In an era where 100,000 Spotify plays will just about cover the petrol costs, my guess is they can’t afford not to. A few conversations with people much younger and more relevant, and a quick look at Google trends tentatively confirm my hypothesis that selling out to the man just isn’t a big deal anymore.

Back in the playgrounds and park benches of north Bristol in the early 90s, it was a big deal. A big, big deal (at least for the key ‘teenage jackass’ demographic).

Crucial topics tackled included whether Nirvana had ‘sold out to the man’ because Nevermind was released on a major label, if The Offspring were more credible because they were on independent Epitaph Records, and whether legendary punk venue 924 Gilman Street was right to ban Green Day after they went mainstream.

Fortunately, I didn’t realise Bad Religion put out three albums on Atlantic rather than the independent label owned by its own guitarist – I think my primitive teenage brain may have just melted with the contradiction of it all.

Welcome to Paradise

So why am I blathering on about rambunctious rockers from 30 years ago?

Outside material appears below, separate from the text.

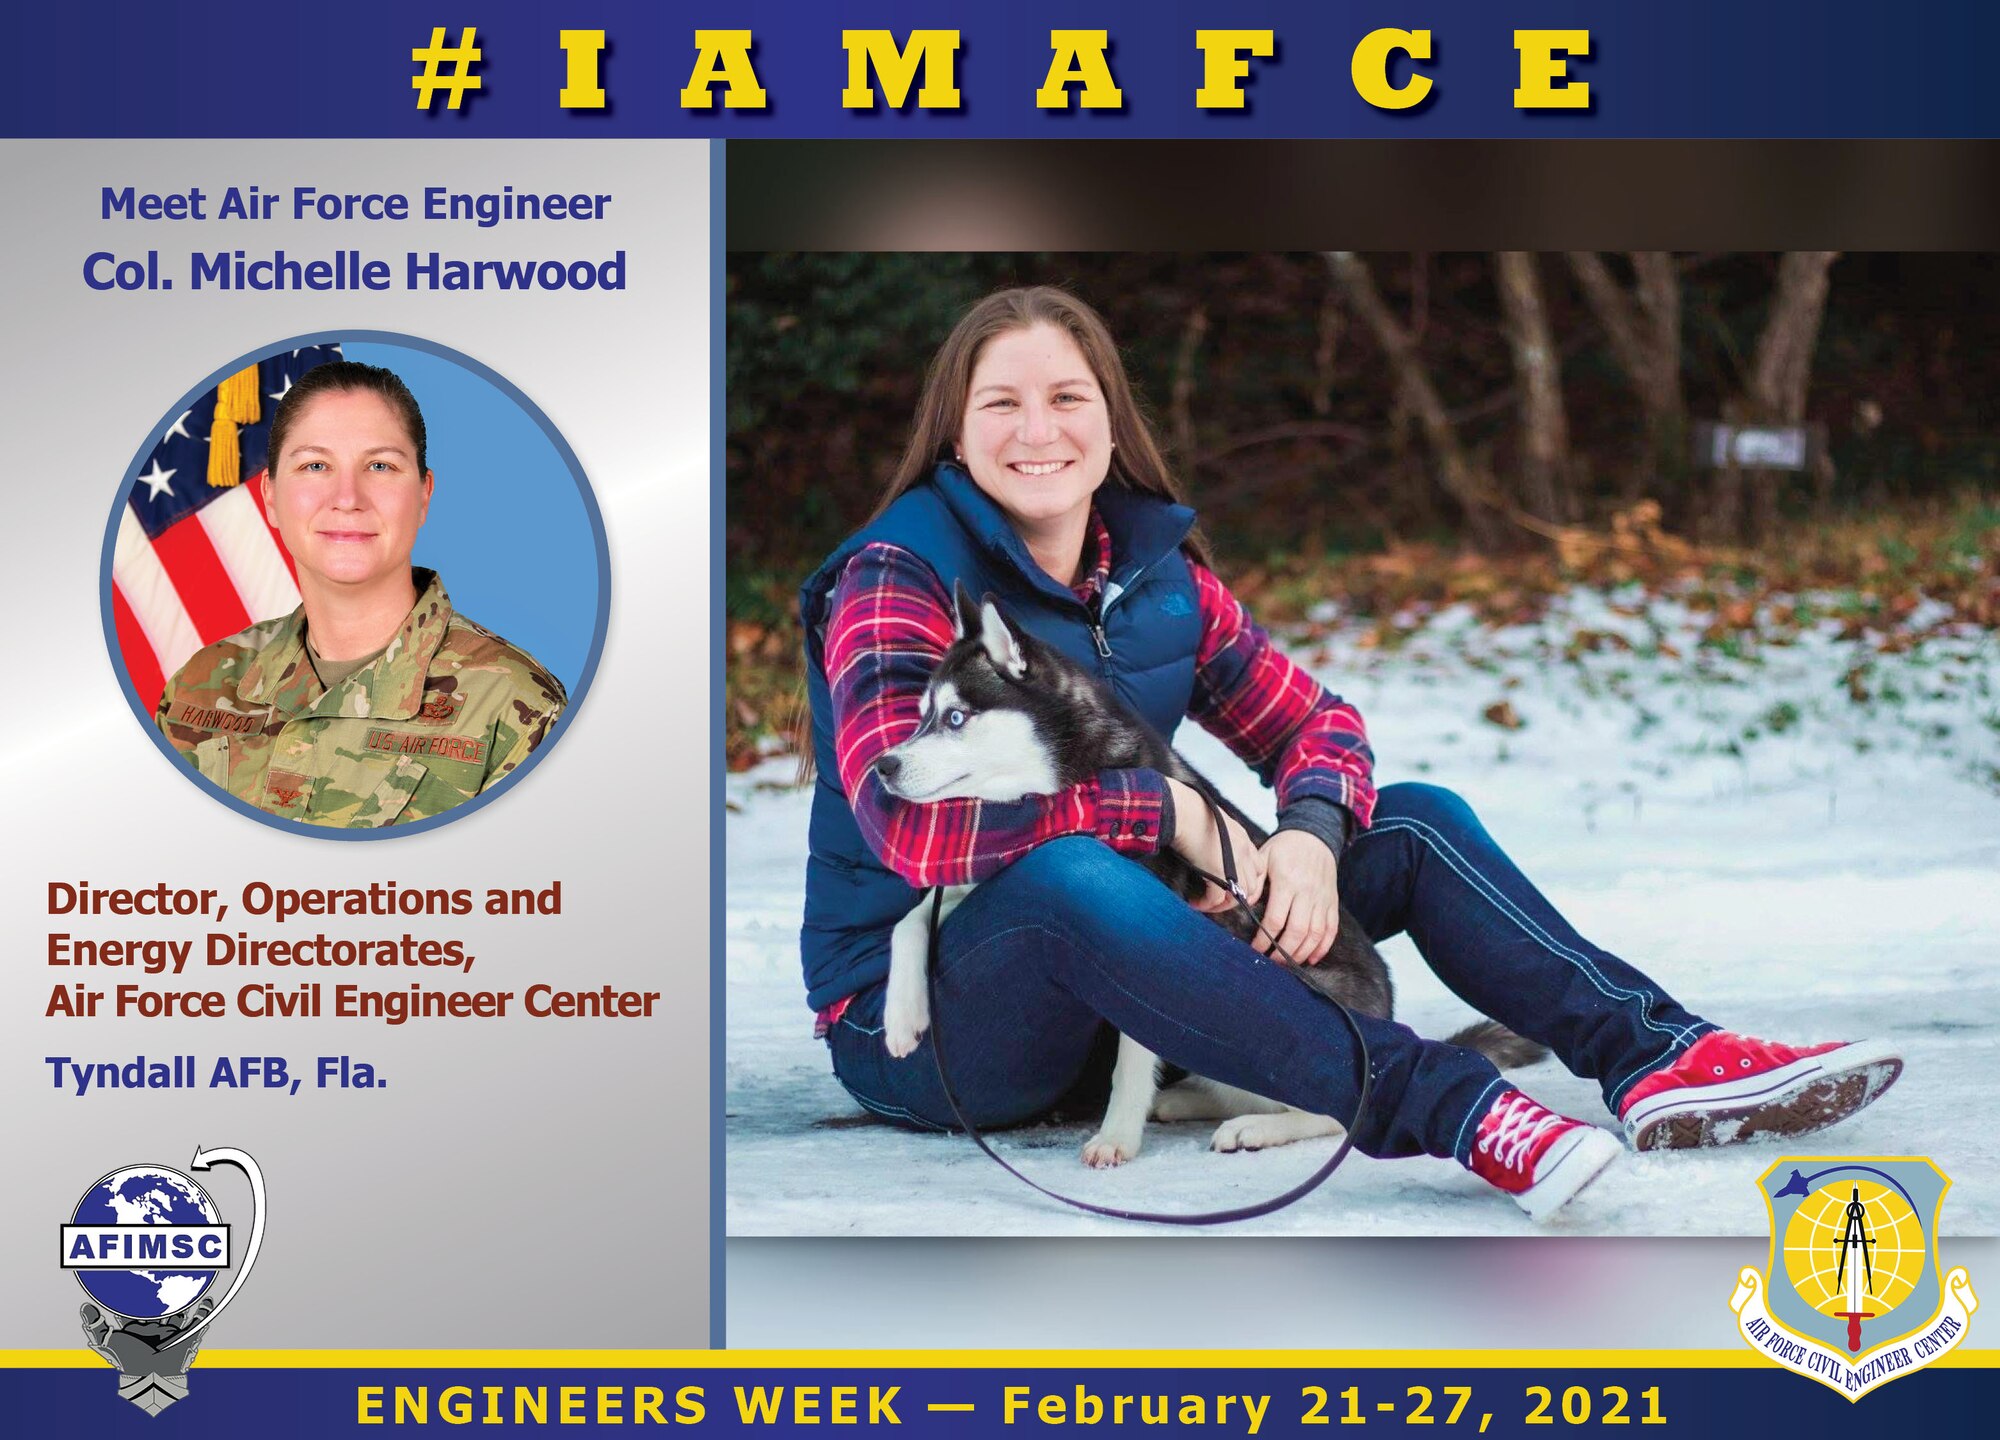 Air Force civil engineer Col. Michelle Harwood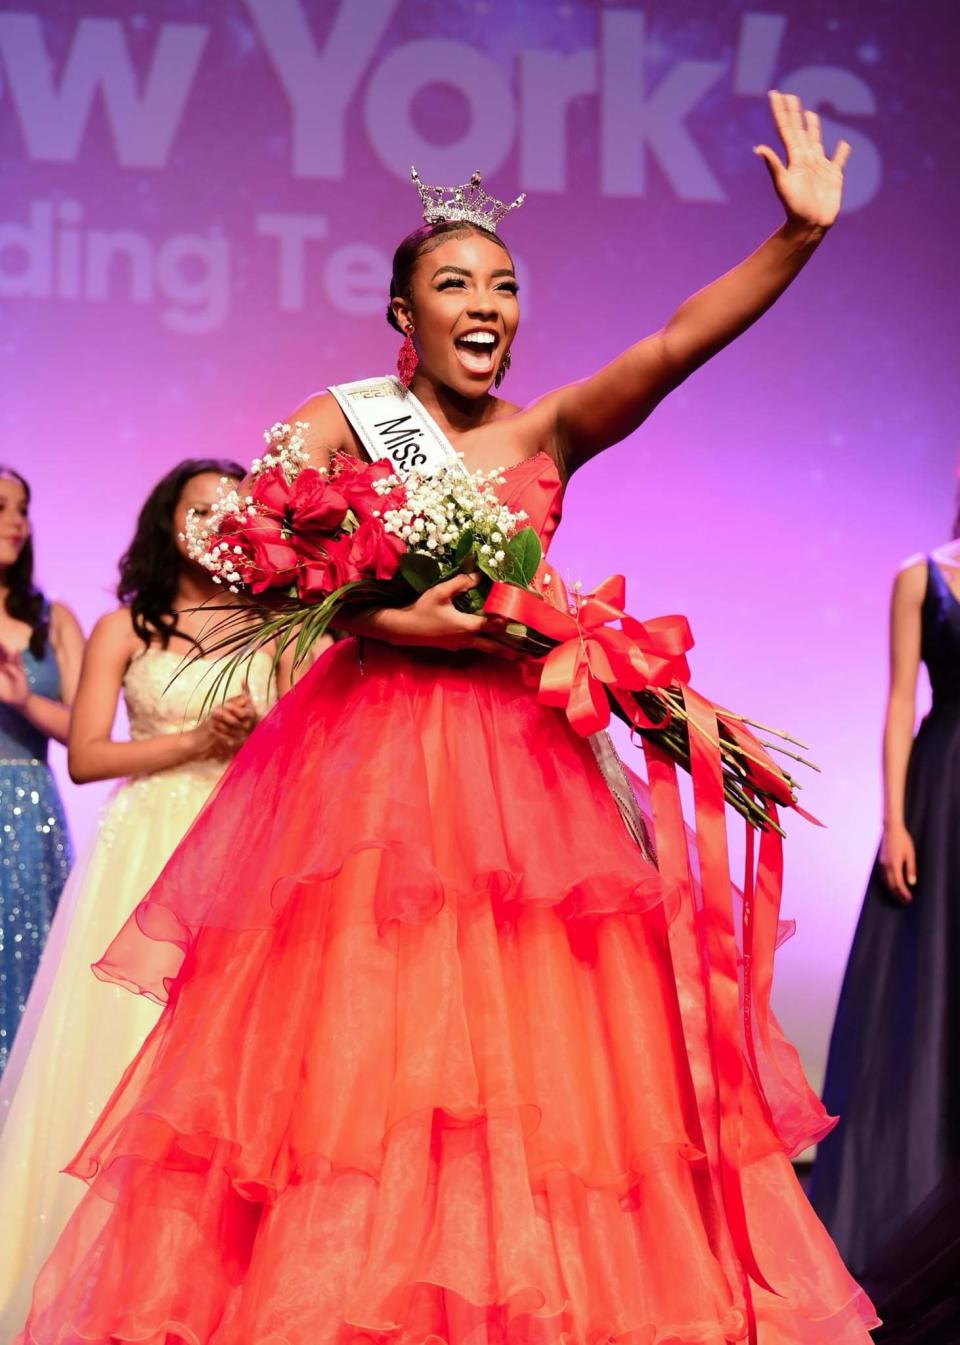 Dajania James, 17, of Rochester was crowned Miss New York's Outstanding Teen 2022 on May 29, 2022.

Well, I’m back from a couple of days stalking the conference halls at the Digital Accountancy Show and NetSuite’s SuiteConnect, and for the first time since the days of flannel shirts, Tamagotchis and flip shades, I’ve been discussing the concept of selling out.

The conversations on the show floor all roughly went like this: “I really like the look of [software x, y or z], it does everything I need it to do and the price is good. I’m just worried they’re going to sell out.”

Sell out? Woah! 1994 called, it wants its terminology back!

It also made me feel a bit sorry for the new or smaller vendors out there, making their way through the choppy waters of the accounting software world. Not only do they have to contend with genuine corporate behemoths and the government switching the compliance tracks at regular intervals, now they’re sellouts-in-waiting as well.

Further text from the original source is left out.